What does it take to be a great marketing manager? A strategic mindset. Understanding of the market and the customer. Creativity, yes that too. But there is something that is not on this list — working in an office. This is because being co-located is not required to be a brilliant marketing manager.
You can work remotely and create breakthrough marketing — it just takes certain skills.
What are some of these skills? You need to be able to communicate clearly, of course. You have to be assiduous in how you approach developing your marketing plans. You need to be sure everyone understands the strategy behind the work and that you are meeting deadlines. These are good characteristics for any marketing manager to have.
But let’s layer on the twist of collaborating with teammates who are working across multiple time zones. With asynchronous schedules, you might think remote marketing teams run the risk of misunderstandings and may fall into silos. And when communication breaks down, it is nearly impossible to make meaningful progress on marketing programs and campaigns.
These issues are typically borne out of organizational dysfunction, not remote work.
Our marketing teammates at Aha! are located in cities and towns across the United States — Portland, Dallas, Minneapolis, Princeton, and Charleston, to name a few. And these folks are some of the hardest-working and highest-performing I have ever worked with. Every week, our team releases go-to-market launches, publishes new blog posts, and analyzes ad performance.
I am inspired by our team, but I know that we are not the only ones capable of achieving great things remotely. Here are seven tips for being a successful marketing manager — who just happens to work remotely:
Be the goal-first guide
You are likely wrangling many different projects and assets at once. With folks working from different locations, you want to create consistency across your marketing materials. That requires a solid understanding of the “why” behind the work — your marketing strategy. Lead the way in showing others how to take a goal-first approach.
Make plans visual
Ambiguity leads to chaos. You need to define and document everything — plans, workflows, templates — and make sure marketing plans and information are readily accessible. We use our own software for this, of course. Our marketing team builds cross-team roadmaps and calendars to visualize what each group is working on. These plans are referenced and updated daily to make sure everyone has the latest.
Make meetings consistent
Video meetings are essential for a remote marketing manager. But you want to make this time super productive and purposeful. Create a uniform document that lays out an agenda, action items, and open questions for each recurring team meeting. Once you build it out, share it — so everyone can view the agenda beforehand and add their updates and questions. Even better, add the anticipated time needed for each agenda item to keep things moving.
Choose the right channel
Some conversations require that you meet with the entire team on a video call. Others only require a brief exchange over email or instant message. You need lightweight communication guidelines so everyone understands which channels should be used and when. When you improve communication, you naturally improve productivity.

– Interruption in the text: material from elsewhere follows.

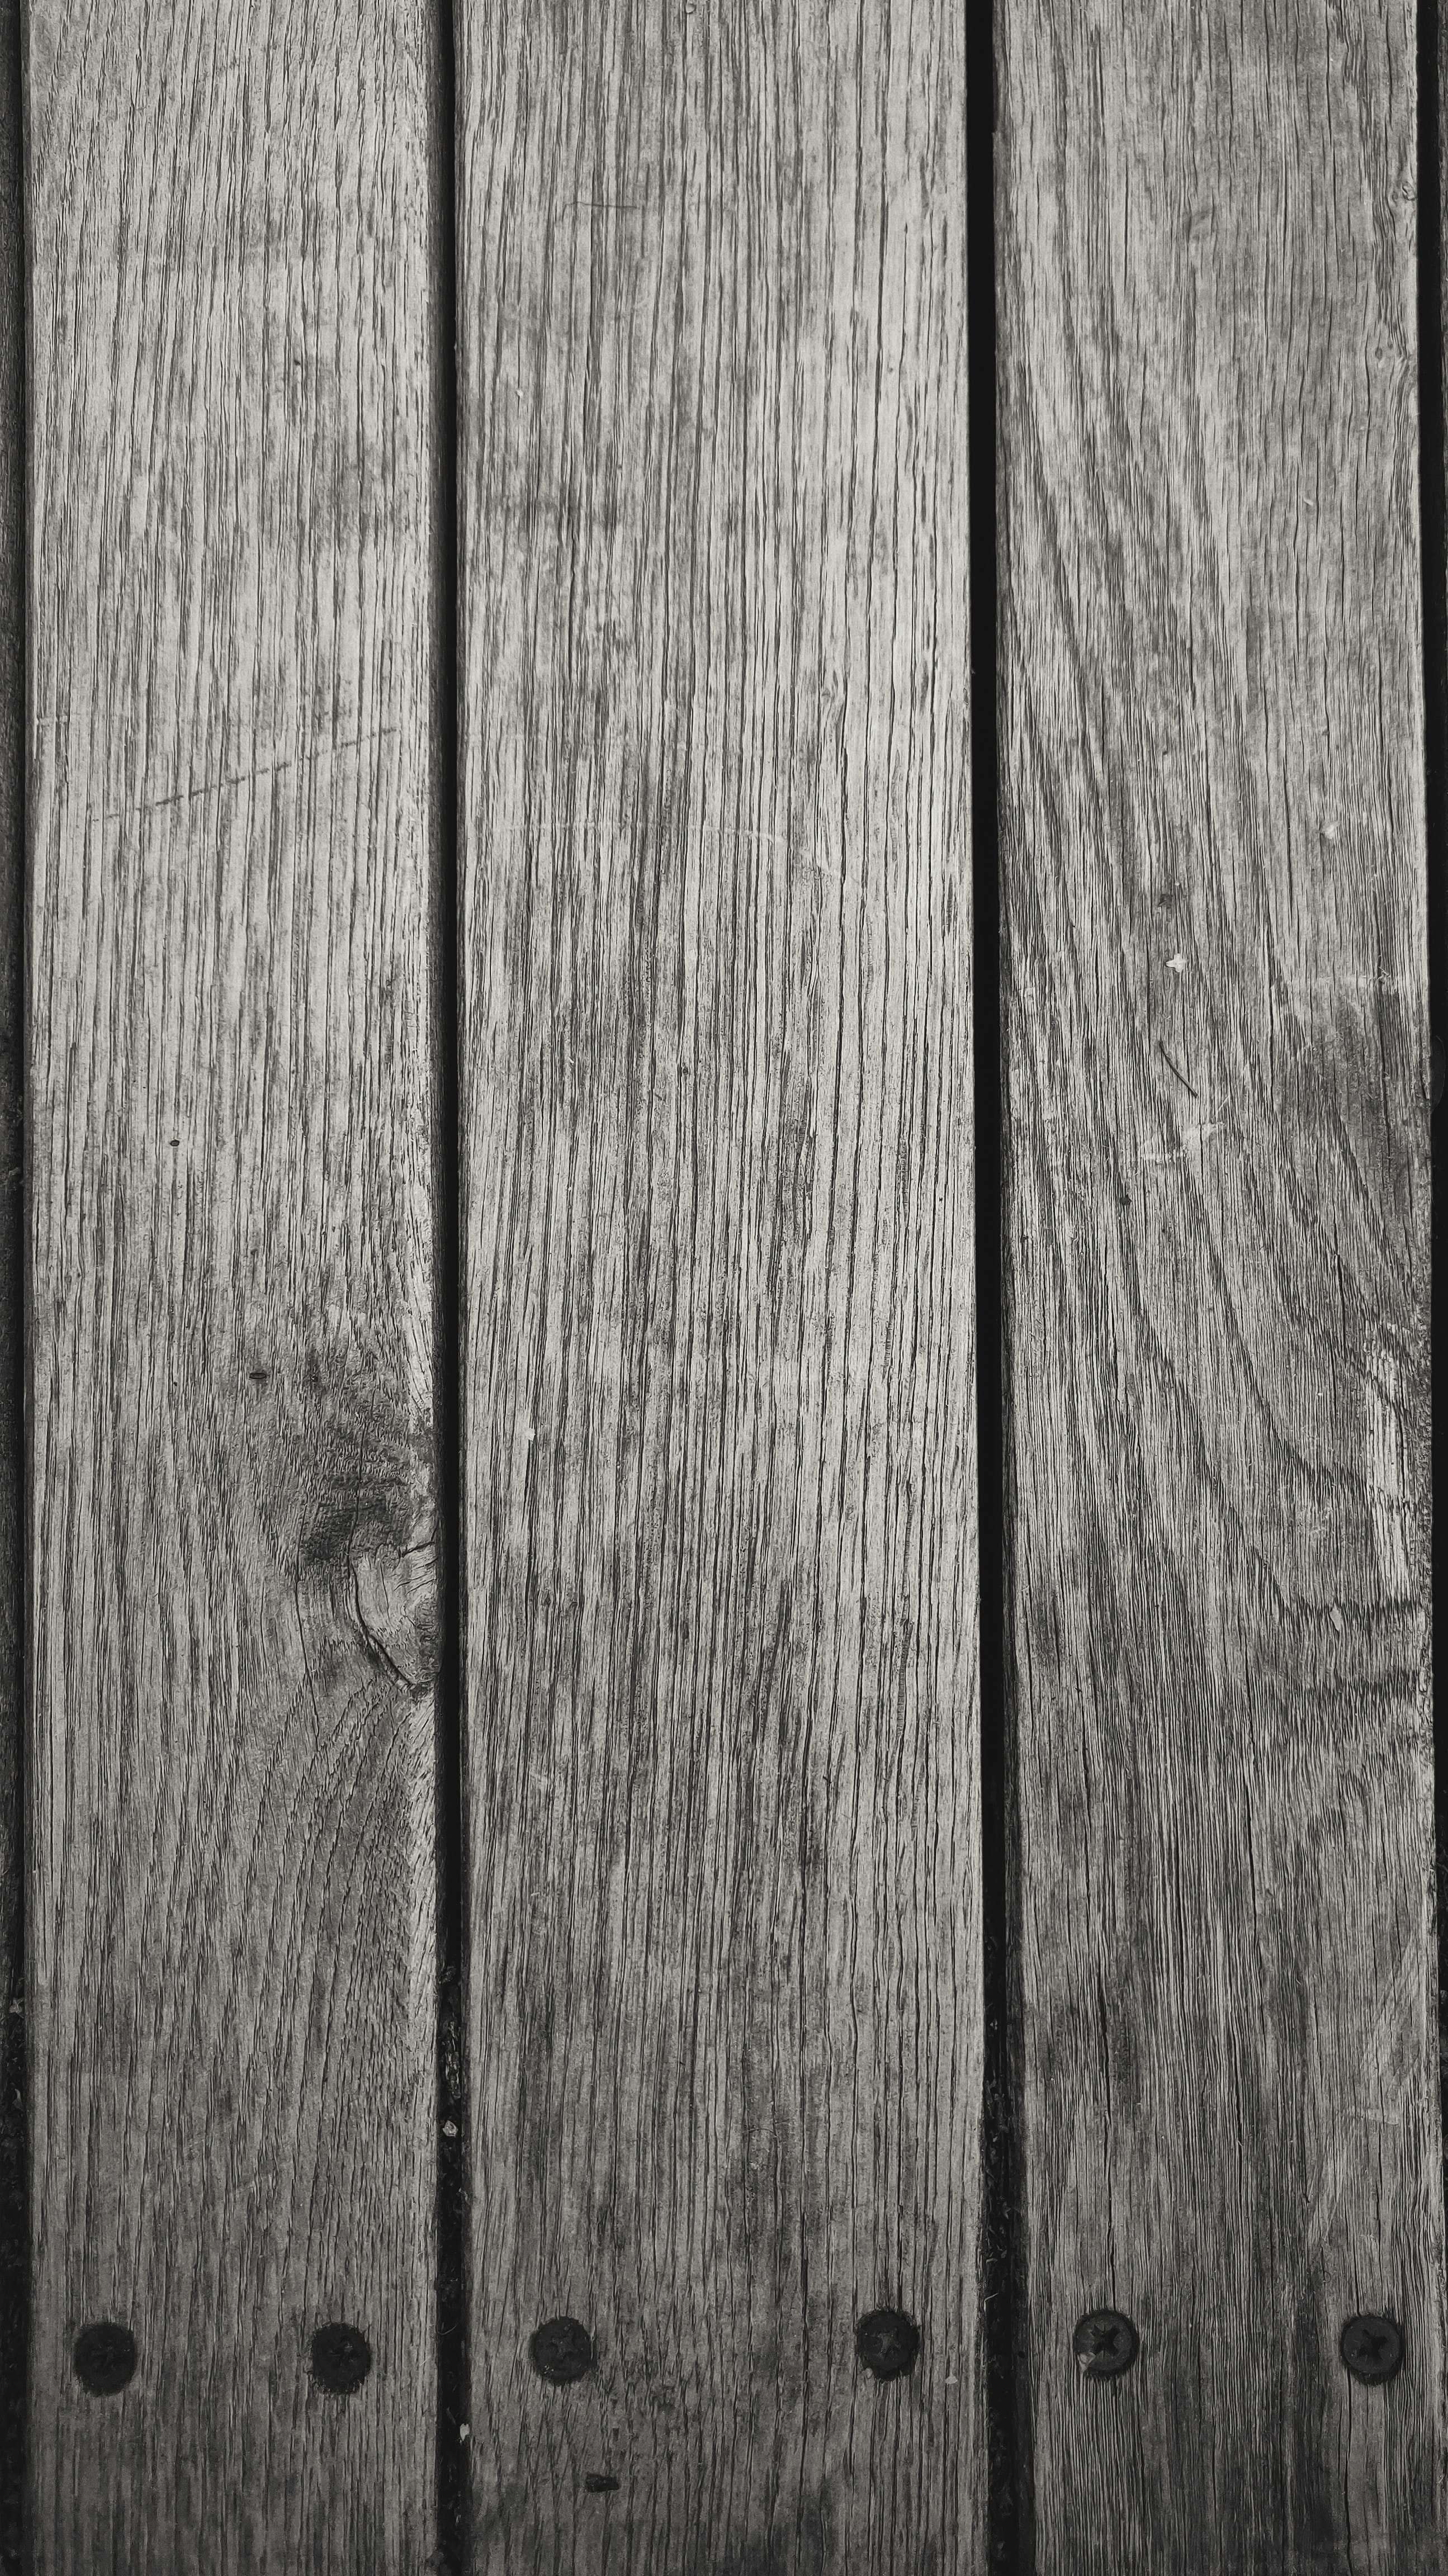 wooden, wood, texture, textures, surface, bw, chb, planks, board

When you come across relevant content or information from another team, share it so that everyone can benefit. And if you see someone struggling or missing deadlines, reach out as soon as possible to address the problem before it gets worse. Err on the side of oversharing and others will do the same.
Even when you meet over video, the nuances of face-to-face conversation can get lost. There is that ever-so-slight delay in the software that can make conversations feel stilted at times, especially for folks who are newer to remote work. So go out of your way to exude a positive attitude when interacting with teammates. And devote time for small talk so you get to know people on a more personal level. (Those tight meeting agendas should make this possible.)

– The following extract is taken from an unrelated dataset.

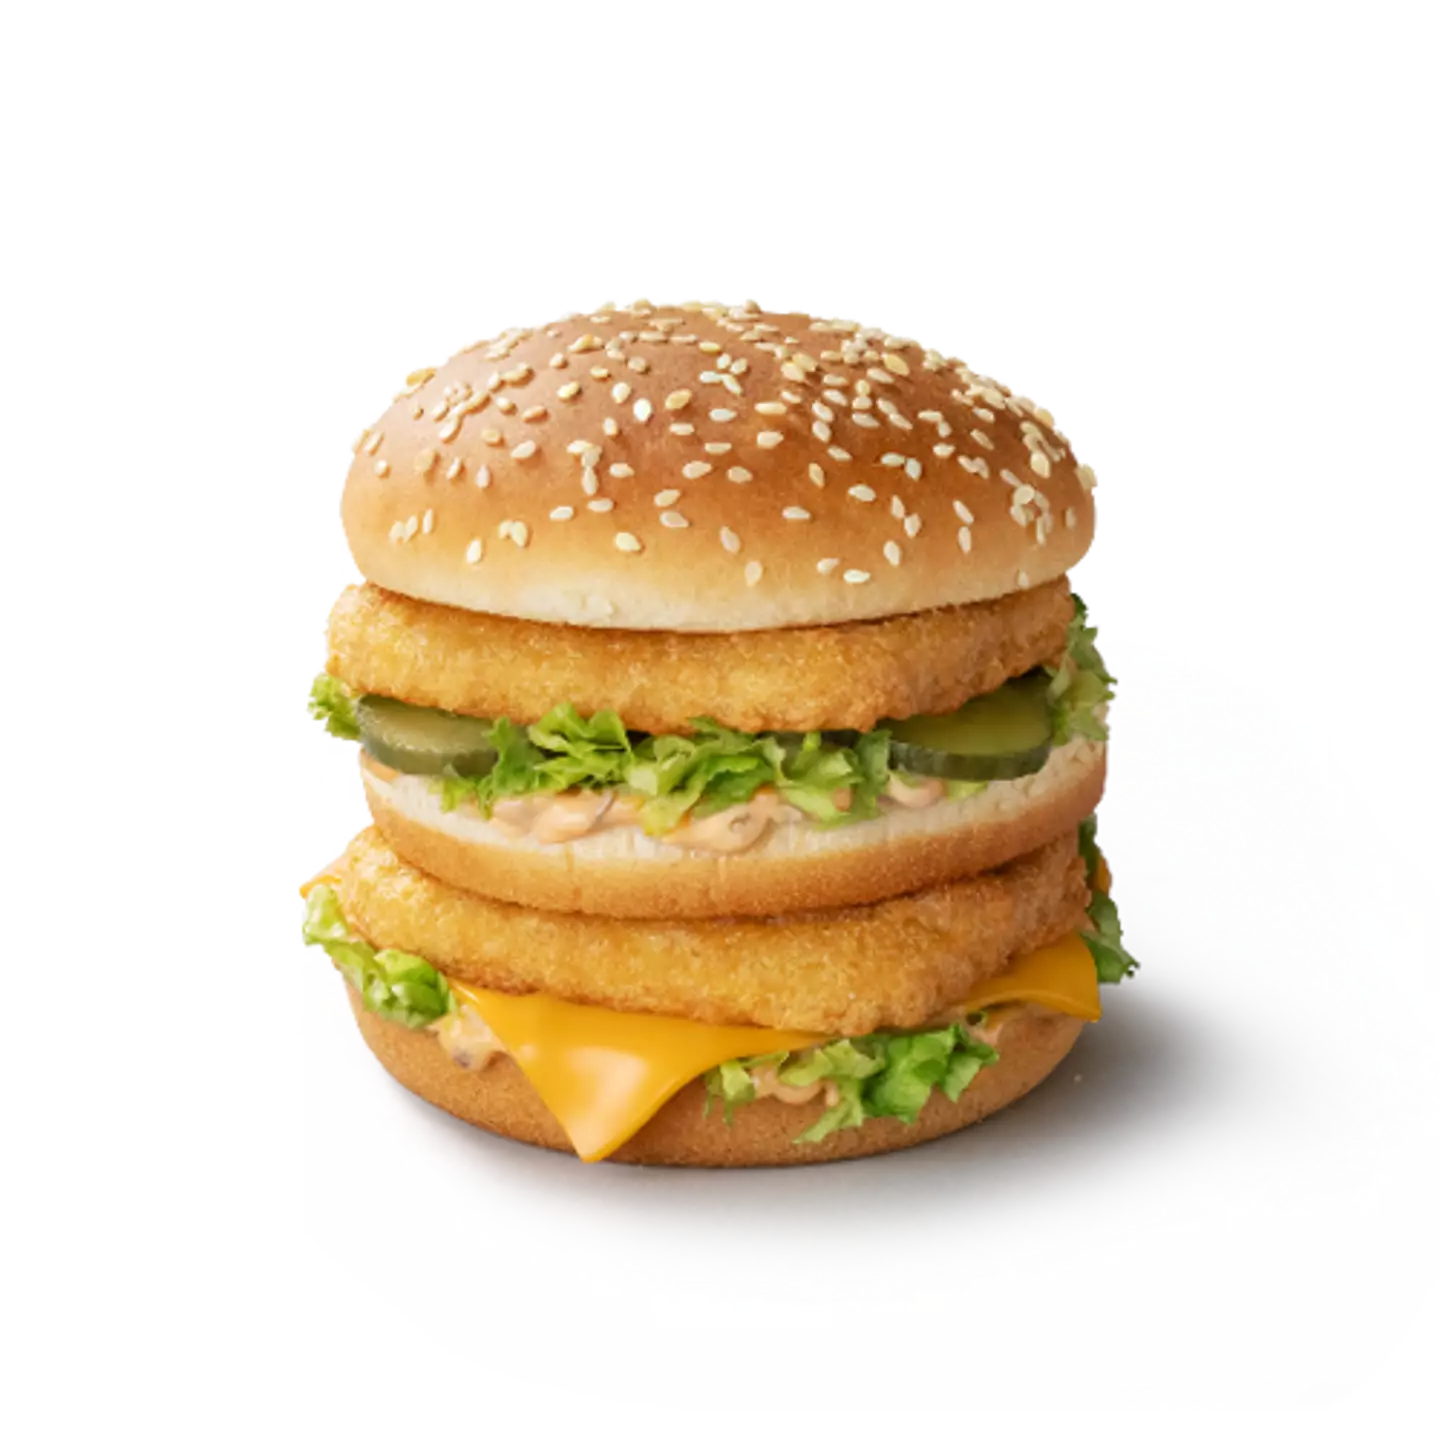 The Chicken Big Mac is coming back.

Actual performance is what matters. Whether you lead a team or not, you own the work that you do and you are responsible for communicating the impact that work has on the business. Facts and hard data always speak clearly.
Being a successful marketing manager is not about where you work — it is about what you bring to your work.
Remote work can help you increase efficiency and develop your communication skills faster than if you were in the same room as the team. I know this has been the experience of many folks at Aha!
And the next time you hear someone say that you cannot develop a meaningful program or breakthrough campaign without holing up in a conference room for a brainstorm, share this blog post with them.
What traits would you add to this list?